New Fable developer Playground Games has been careful not to slavishly emulate the work of series creator Lionhead Games, but the new shepherds of the IP did obviously want to examine and learn from the games that came before them. As part of this history lesson, the studio unearthed design files that were evidently stored away before or around the time Xbox shut down Lionhead a decade after acquiring the studio and mismanaging it into dust – a misstep that Xbox leadership has publicly owned up to in the past. Surely they wouldn't do that again.
In an Xbox Wire post, Fable general manager and game director Ralph Fulton tackles the question of "the essence" of a Fable game.

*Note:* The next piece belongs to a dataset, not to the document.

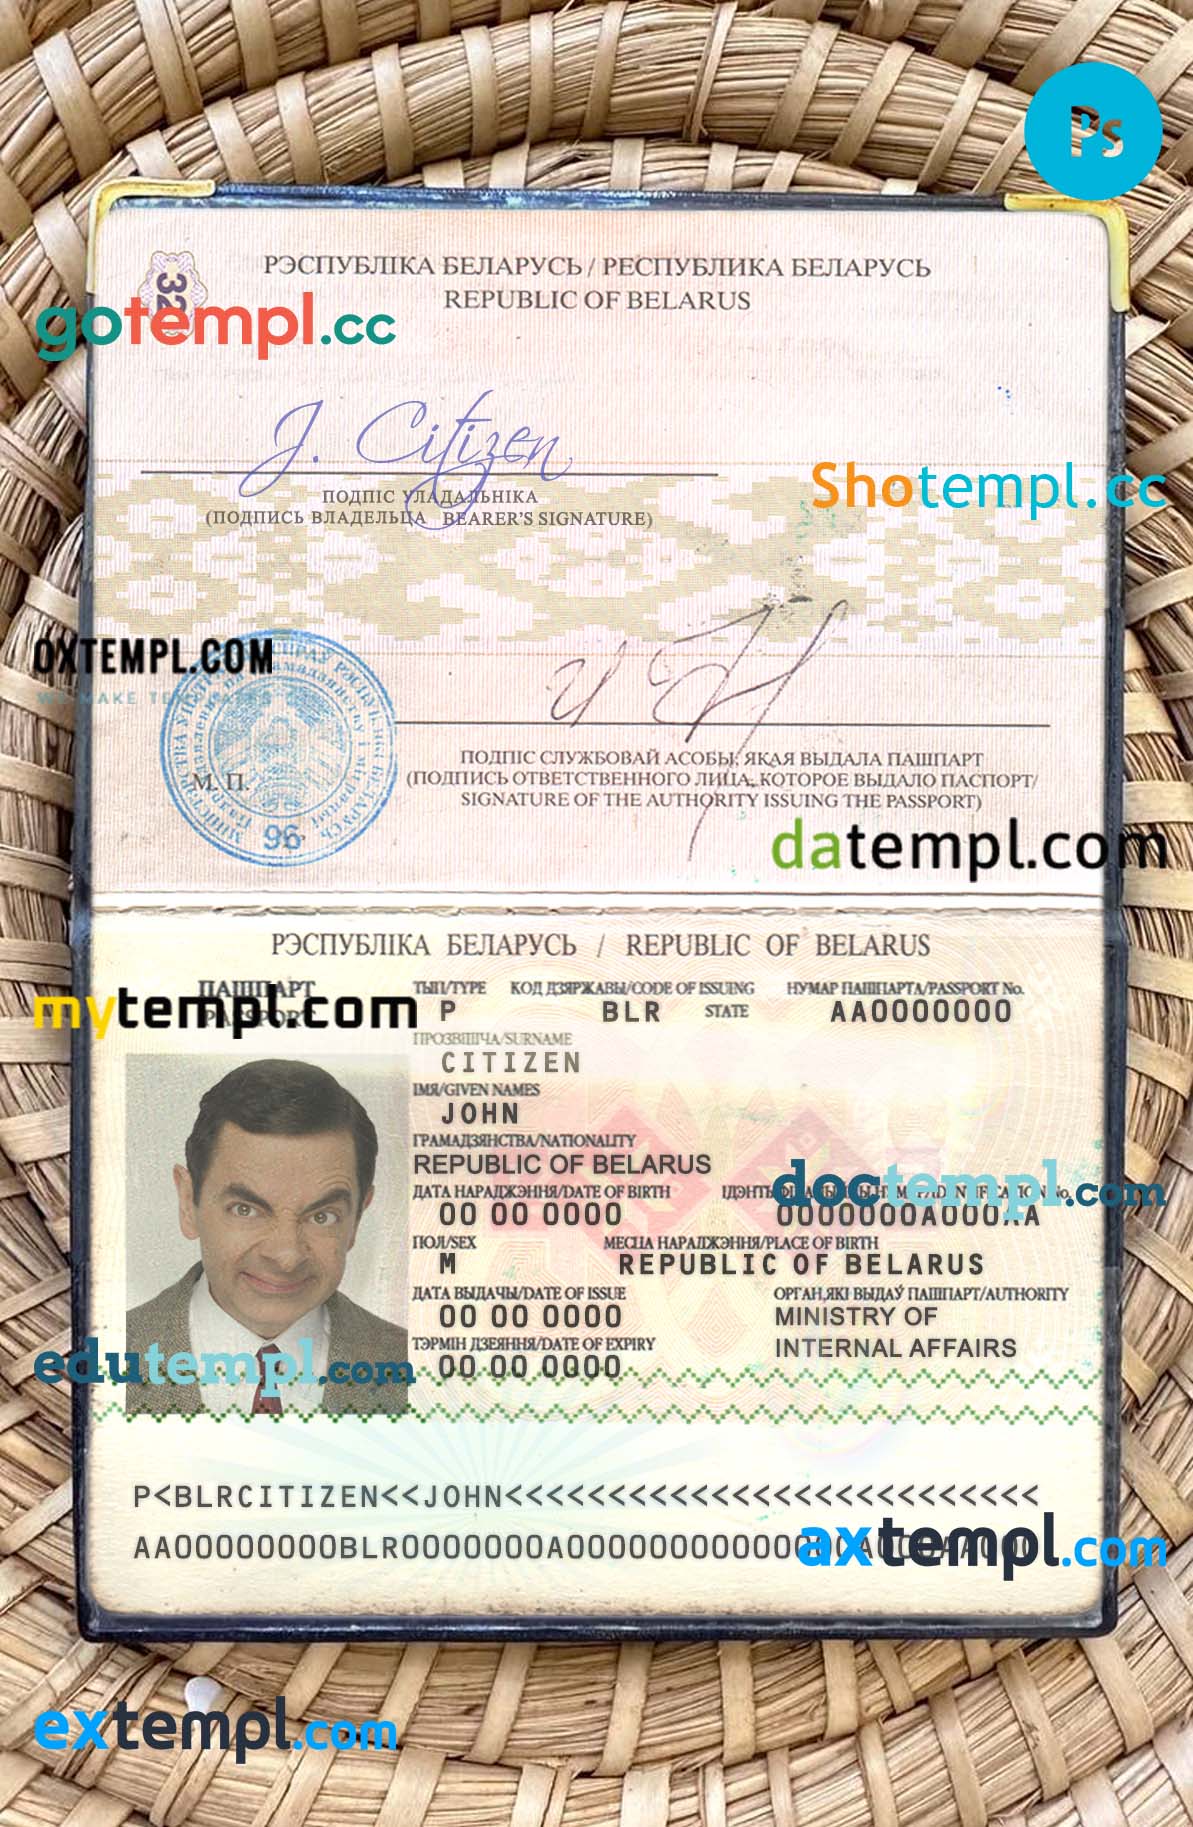 USA Maine state death certificate template in PSD format, fully editable

"We came up with a bunch of things – the first of which I would say we actually inherited from Lionhead," he says. "When we started working on this project, we got a treasure trove of documents from Lionhead that had been in storage.
"Something that I thought was just brilliantly succinct was one of the documents, which said: ‘Fable is Fairytale, not Fantasy’ – which is just super neat."
Digging up these documents might technically count as grave robbing given Lionhead's fate, but there is something poignant about a new generation of developers rediscovering the principles laid out by the folks who made the IP they've now inherited, and using them as a touchstone for their own ambitions. And Lionhead nailed it with those five words – that's Fable, right there.
We spoke to Fulton to learn more about how Fable's open-world fantasy lets you meddle in the lives of over 1,000 unique characters. He stressed that, "It would be inauthentic for us to try and just make Fable 4. We felt we needed to reboot the franchise and put our own stamp on it."